番組ではまず、「2013年国際成人力調査(英語能力判定国別スコア)」で「アジア30カ国27位」という無残な結果を踏まえ、「日本人が英語が苦手な理由」を探し始めます。
その「主たる理由(仮説)」とされたのは以下の3つですが、いずれも反例を用いながら「根本原因ではない」と否定されます。
①発音の違い
発音の問題はトレーニングで解決する。
②文法(語順)の違い
類似の構造言語を持つ韓国の人たちの英語力は近年著しく伸びている。
(日本人もやれば出来るはず)
③英語教育のスタートが遅い
最初は差がつくがその後はあまり差がつかなくなるというデータがたくさんある。
そこで取り上げられたのが、母国語が英語ではないにも関わらず、「アジアの中でも突出して国民の英語力が高い」ことで有名なフィリピンの事例です。
フィリピンでは、小学校の低学年から、学校で学ぶ大半の科目(算数、理科など)を英語で学んでいます。なぜなら、フィリピンでは、算数や理科の専門用語が母国語(タガログ語)に訳されていないものが多いからです。また、書店にならぶほとんどの本が英語の本であり、英語ができないと就職のハンデになるという厳しい現実があります。すなわち、英語力は「教育や就職に不可欠なスキル」であると言うことが出来ます。(ちなみに、この事情はマレーシアでも同じだそうです。また、インドのような多民族国家の場合は、英語が共通言語の役割を担っているそうです。)
一方、日本では、勉強もコミュニケーションも日本語で「事足りている」という事情があります。
明治時代の初期、外国と不平等条約を結んでいた日本を近代化し外国と対等になるためには、西洋の知識を得る必要があり、それには外国人に頼らざるを得ませんでした。そこで、当時の政府は学校を作り多くの外国人教師を雇いました。もちろん、今のフィリピンと同様に、授業はすべて外国語(英語)で教科書も洋書だったそうです。
でも、「西洋に追いつき追い越そう」と考えた日本人は、それでは満足しなかったのです。
「西洋の知識をより広く普及させるためには日本人の指導者を育成しなければならない」と考えた、福沢諭吉をはじめとする明治の知識人は「翻訳=新たな日本語(訳語)」を生み出し、西洋の文化と日本をつなぐことに心血を注ぎました。その結果、訳語が「元々西洋由来の言葉とは思えない」ほど日本人の間に定着していったそうなのです。

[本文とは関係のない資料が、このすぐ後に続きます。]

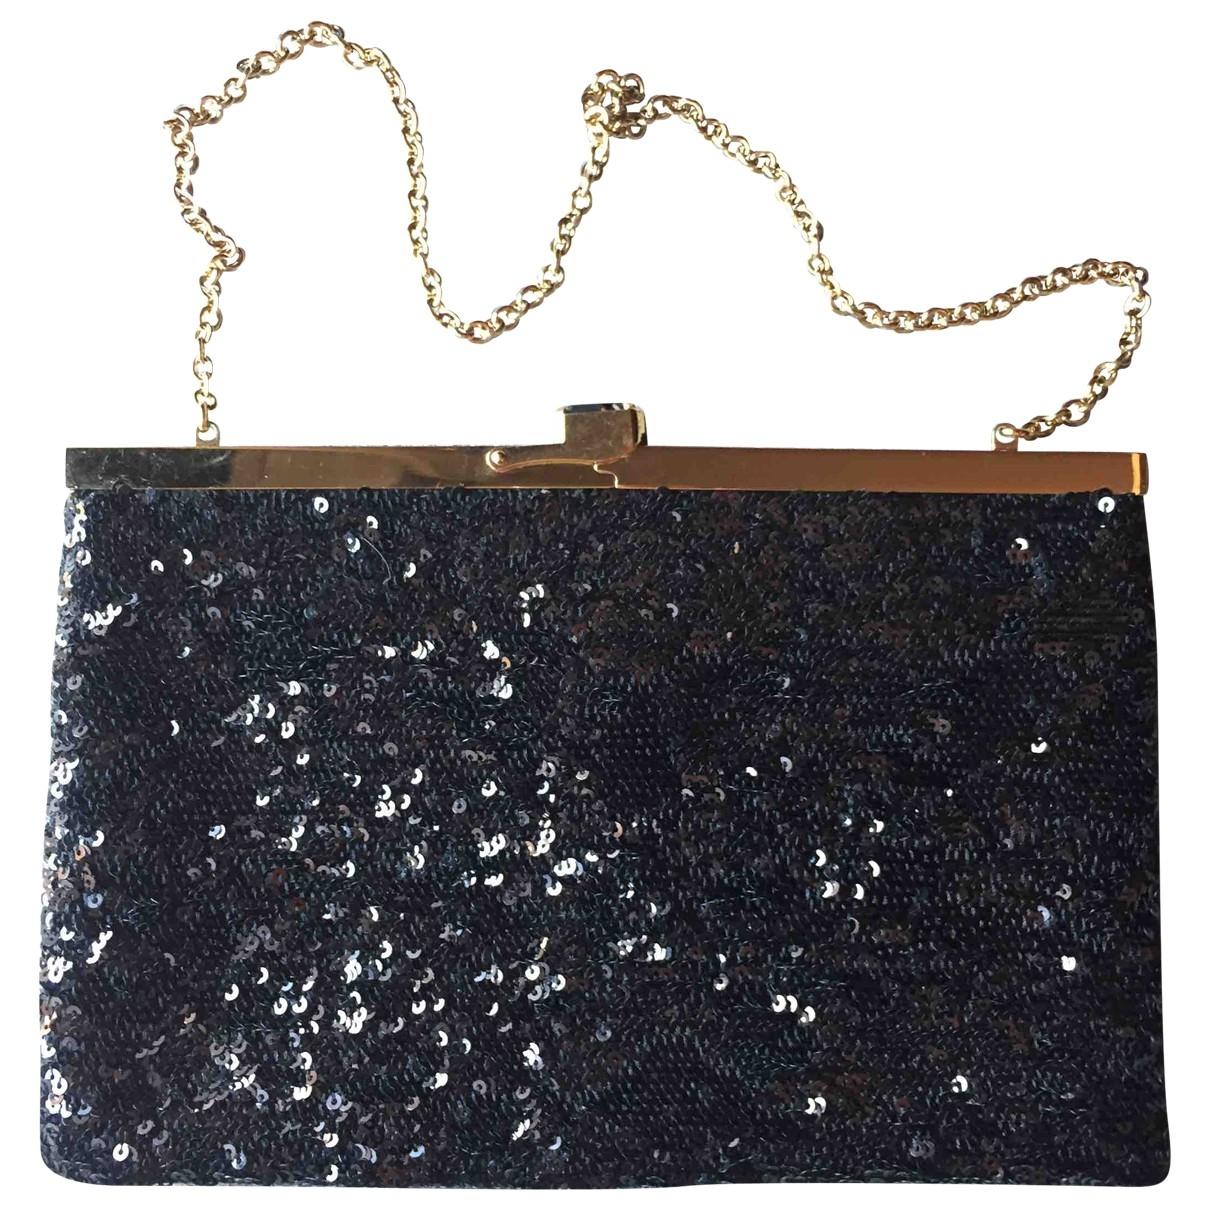 Dolce & Gabbana \N Black Glitter Clutch bag for Women \N

すなわち、現代の日本人は「明治の人々が残してくれた遺産」を無意識に使いながら勉強し、生活しているのです。
他の国では英語ができる人しか高等教育が受けられないのに対して、日本では(母国語さえ出来れば)大学に進学して「世界でもトップレベルの教育」を受けることが出来るのですから、それ自体は、世界に他に例を見ないほどの「とても素晴らしいこと」なのです。
結論:「この国で生きる日本人に英語は必要『なかった』」
さて、ここで私から皆さんに「問い掛け」をして、ひとまず本ブログ記事を閉じたいと思います。
質問:「私たち日本人は『これから』英語に対してどのように向き合うべきなのでしょうか?そして、その際の「英語教育」とはいったいどのようなものであるべきなのでしょうか?